If the uterine myoma and pregnancy have successfully combined all nine months, labor can be complicated as a result of an incorrect presentation of the fetus. That is why, in this case, a caesarean section is shown, in which a tumor can be removed.

Treatment

With a small size of fibroids, its location in the thickness of the muscles of the uterus or sub-serous, the absence of its rapid growth shows conservative treatment. Appointed drugs of these groups:


  • Androgen derivatives — interfere with the synthesis of ovarian hormones, preventing tumor growth in the future (gestrinone)
  • gonadotropin hormone agonists — reduce the size of myoma and its symptoms (zoladex, buserelin); With their long use may develop menopause;
  • Gestans — are able to stop the growth of the endometrium, without affecting the myoma itself (norkolut, utrozhestan); Their reception is indicated for hyperplasia in the inner uterine layer and small fibroids.

Surgical treatment is indicated for large uterine fibroids (more than 12 weeks), heavy bleeding, severe pain, a tendency to rapid tumor growth, infertility and miscarriage.
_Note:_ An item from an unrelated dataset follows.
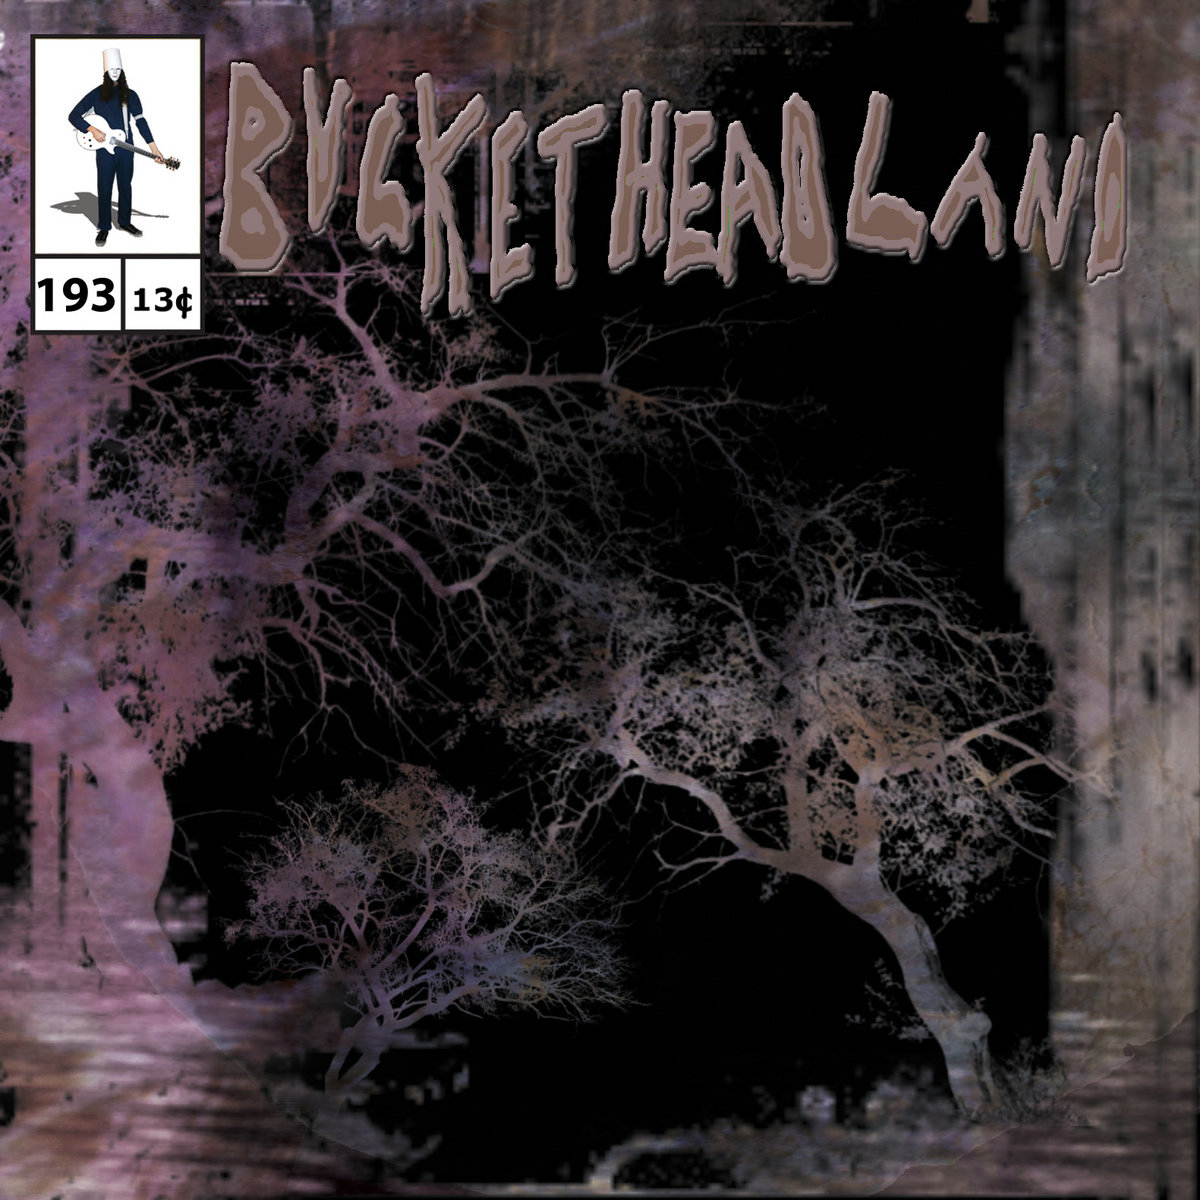 14 days til halloween: voice from the dead forest | bucketheadland

In modern gynecology, these types of surgical treatment are used:


  1. Laparoscopic myomectomy — it is carried out through a small incision in the anterior abdominal wall using a laparoscope.
  2. Embolization of the uterine arteries — embol, inserted into the vessels, blocks the lumen of the arteries feeding the node. This method of treatment is indicated for those women who plan to conceive a child.
  3. Hysteroscopic myomectomy — is performed with submucosal tumor localization, while internal nodes are removed
  4. Physis ablation — one of the new methods, is to use focused ultrasound waves. With this method, it is possible to reduce the size of myoma nodes. FUS ablation is not recommended for multiple neoplasms.
  5. Gistrectomy — the uterus is removed completely. It is performed with tumors in the ovaries, large sizes of fibroids, unwillingness of the woman in the future to have children.




A gynecologist chooses a method of treatment, considering the woman’s age, the location and size of the fibroids, the rate of her growth, the desire of a woman in the future to have children.